Try it> Return all the lines below exactly as written. Drop every picture.

***** Supplied data

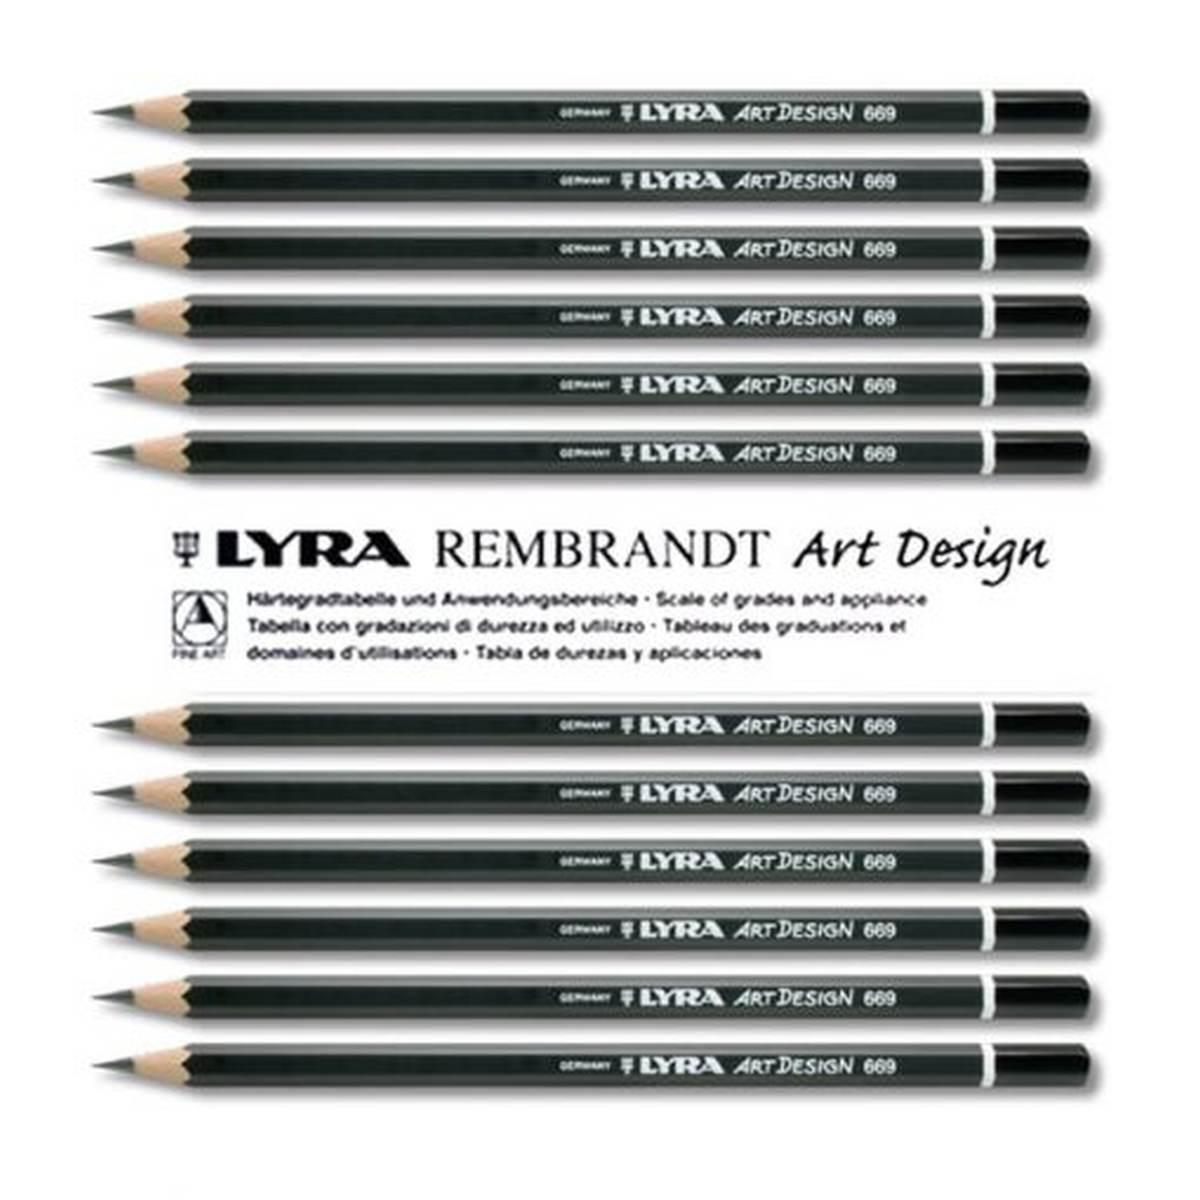 Lyra rembrandt art design - matita di grafite finissima ideale per il disegno artistico e tecnico - diametro mina da 2 a 2,8 mm
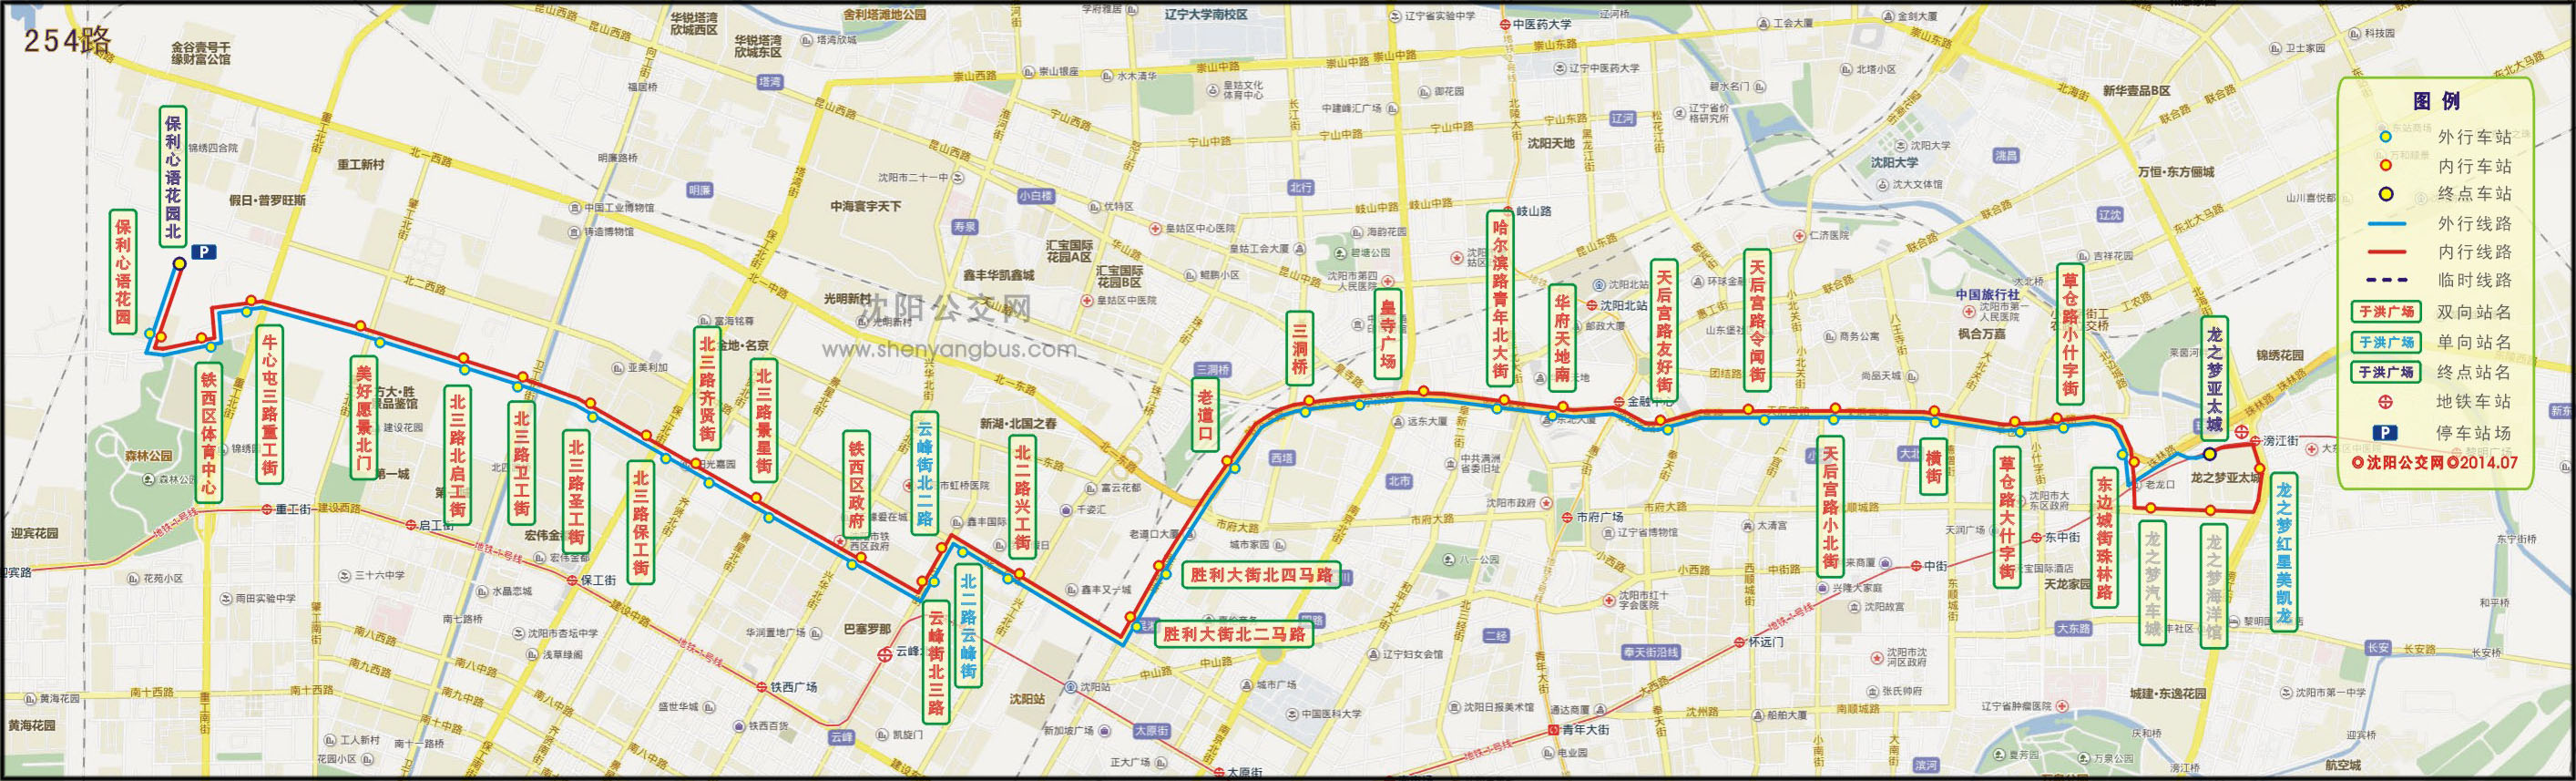 沈阳公交254路:线路站位,线路走向,现役车型,线路历史
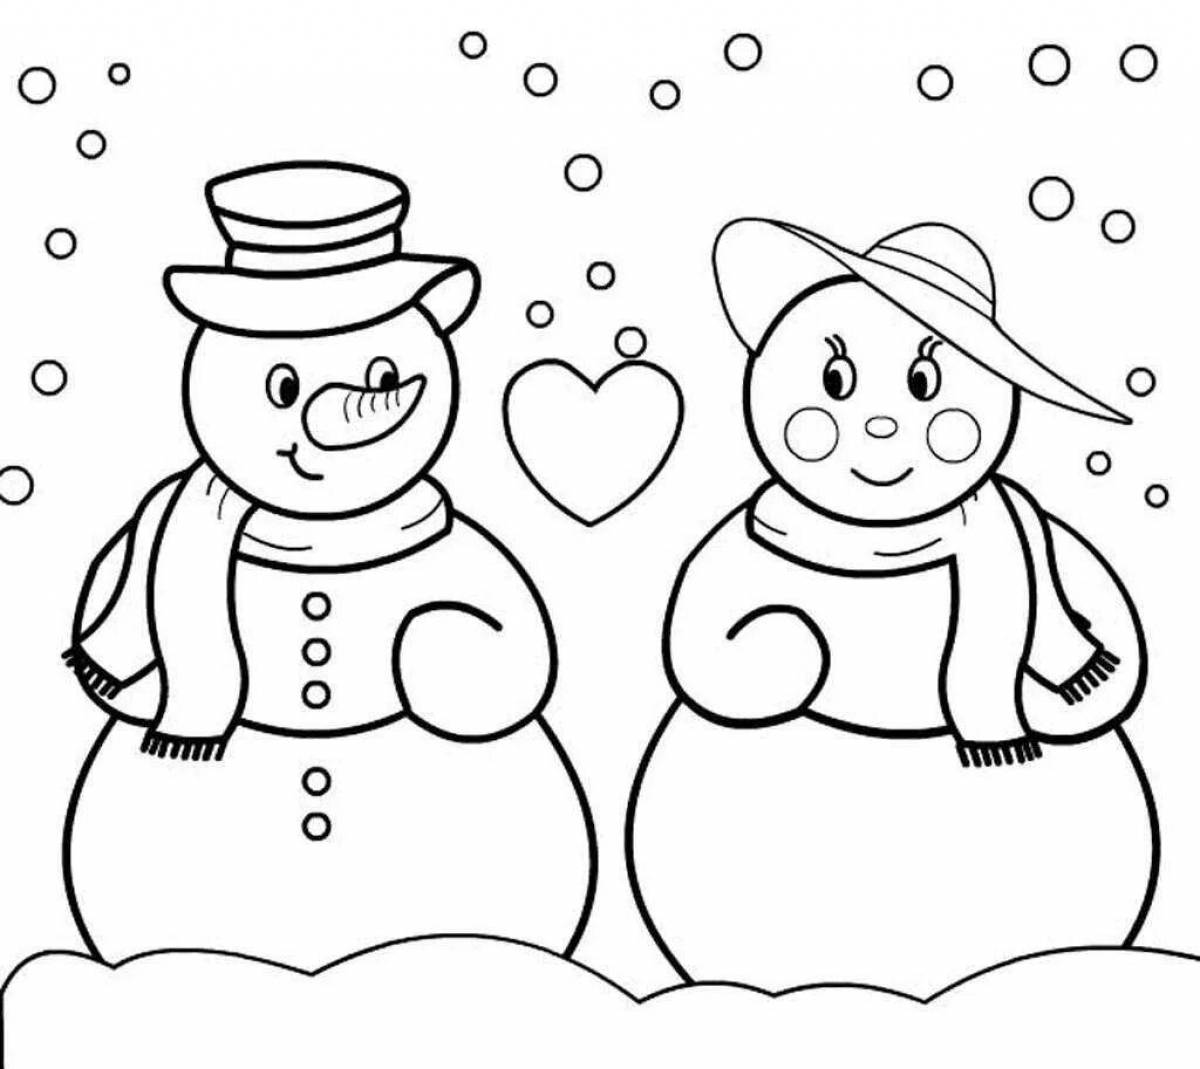 Волшебный рисунок снеговика для детей

**********

Your solution>
 Lyra rembrandt art design - matita di grafite finissima ideale per il disegno artistico e tecnico - diametro mina da 2 a 2,8 mm
 沈阳公交254路:线路站位,线路走向,现役车型,线路历史
 Волшебный рисунок снеговика для детей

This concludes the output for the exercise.